Wed Sep 26 04:05:15 PDT 2012

Hi all

I was waiting to see more discussion about datalink ongoing (in particular 
I expected to see comments by Markus Demleitner ;-) but as it seems to be 
converging to some extra-big beast I think the pragmatic view is 
necessary:

The question which is not still answered is - what is datalink needed or 
useful for ? Not what it could do in principal !

I still do not see clear boundary between DAL (specific, detailed..) 
service andand discovery service of alternative representation - which is 
what DL is presented as.

In May I was hoping DL could solve my (still pending) wish of 
postprocessing spectra (cutout, normalize, resolution degradation etc ...) 
in a clear and well formalized way. After practical experience with that I 
have found a catch in data format as a primary source of complexity. And 
as I remember the end of special session about DL was a general acceptance 
of DL as a "easily clickable" fork of accessing static data.

That's why we decided with Markus to prototype the SSA getData operation 
instead of relying on DL to solve it in universal "S*APv2" way on GDS 
level, which is imho still too ambitious taking into account current 
achievements in practical implementations of IVOA protocols in tools.

But now I see that the tendency of making DL the all-purpose 
"one-link-to-rule-them-all" standard.

So lets take it in simple case of SSA analogy, which is still field I 
understand well (I hope;-): sorry for diverging to SSA:

In SSA we have couple of parameters (PQL like ;-) which in all current 
implementations (except mine) means a restriction of selection - i.e 
giving the BAND, TIME and FORMAT I restrict the space of possible answers 
only to data set containing the given spectral range, exposed in given 
epoch and expressed in given format . In my effort I am trying to 
introduce the postprocessing using the parameters as a control set of 
params according which the postprocessing works - e.g. I command the 
service to cut the region I want using BAND or if giving FLUXCALIB I force 
the data to be on-the-fly normalized. To do this I need two services - one 
interprets the params as control params the other makes just the selection 
as was the original intention.

But the catch is in FORMAT. All data in our case are in NATIVE (1D FITS) 
and the on-the-fly processing is done when asking for FITS, VOTABLE or 
COMPLIANT. But the postprocessing can work only on the bintable FITS (for 
which we have simple cutouts in wavelengths - not pixels as the WCS may be 
non-linear - OTOH we cannotgive the number of pixels of output for cutout 
operation in metadata) . This means that the postprocessing implies the 
conversion of format and it is difficult to state the metadata for 
spectral coverage or for dagta size just after basic querydata operation - 
as the exact cutout may be done on pixels which may represent different 
wavelengths than requested in BAND - and say after rebinning the amount of 
data is resulting from algorithm that was not yet run after queryData - 
only the getData will know it when finished.

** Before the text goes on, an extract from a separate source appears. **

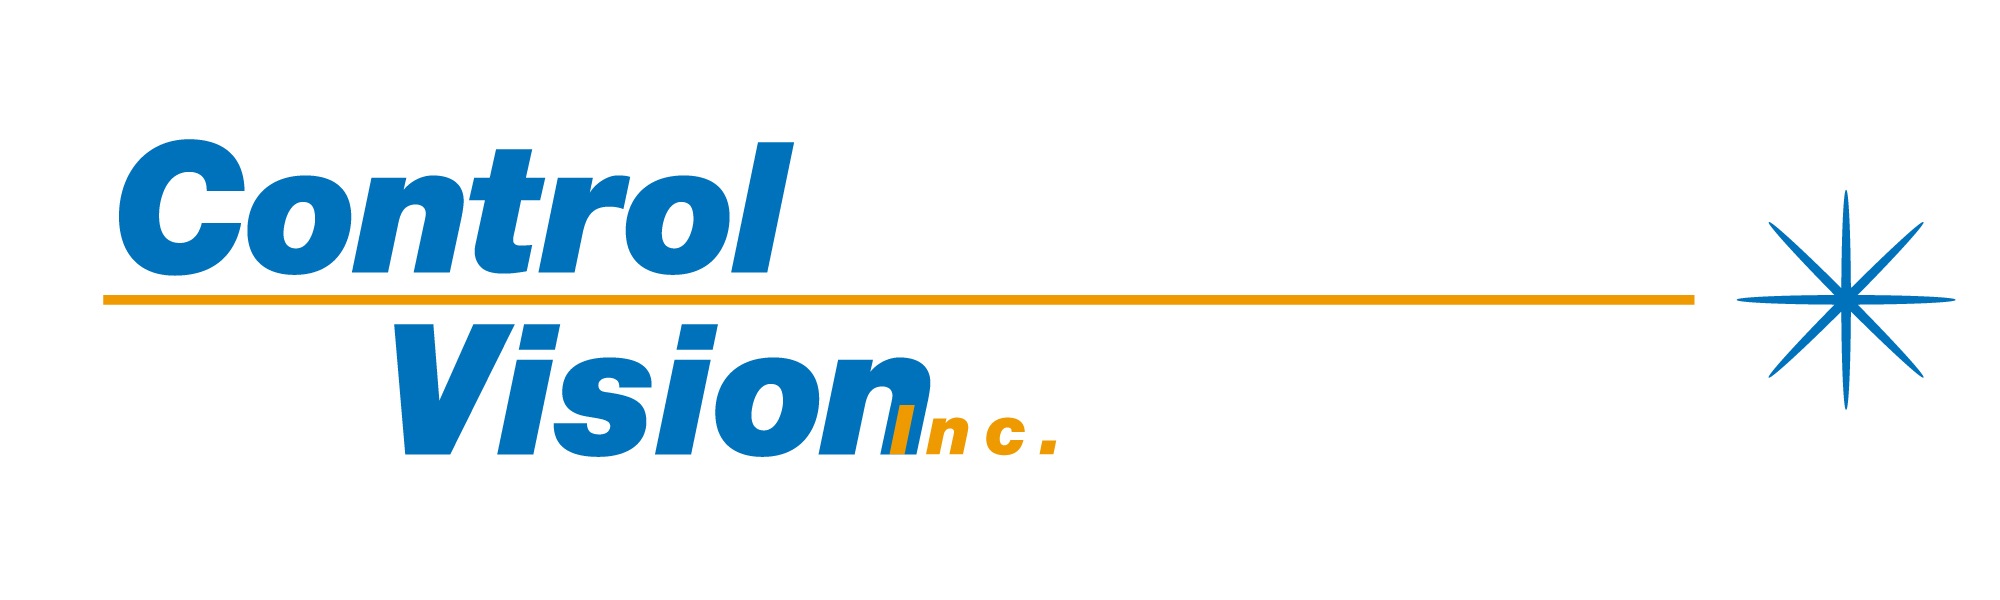 Control Vision, Inc Logo

So in general, the problem of virtual data sets is we cannot describe them 
in metadata before the real operation is run.

Please notice I use as well parameter FORMAT as a operation with unknown 
results ;-) But to be able to work with it in intuitive manner - we have 
to pretend the existence of all files in different format (having multiple 
times the number of rows in a database) and the SSA keyword will restrict 
the number of returned rows (whan asking for COMPLIANT it returns only VOT 
and bintable fits as applic.fits , when asking for ALL or ANY it gives as 
well the image/fits , if asking NATIVE gives me only that one). So I have 
to be sure I am able to do the data conversion always and pretend I have 
it in a database.

Here you see the complications with simple protocol like SSA (although so 
far it is the best way how to do some real spectroscopic analysis instead 
of just displaying the static data)

And suppose the ambitions of DL : accesing complex data sets, process them 
using given parameters, access more specific metadata according to the 
nature of data set, even UWS service for computational intensive tasks 
......  !!!

I think that it would be nightmare to implement the clients to work with 
it. Beware that we need to state the parameters for DL, formalize the 
semantics of them and they would need to be able to be sent deeper to the 
underlying DAL service or even UWS param description.

All the complexity would follow from the begining - suppose the DL on a 
spectrum with given PUBID returns the existence of service that allows its 
cutout and rebinning. How I will pass the params to it ? Will the client 
open special window with form ?  What if there is another link to image of 
the source and the serice allows the cutout , rotation and rebinning of 
image or other conversions ....

So the client would need to understand all possible parameters of all 
possible protocols which might be the endpoints of DL. What happens in 
theoretical science is an order more complicated.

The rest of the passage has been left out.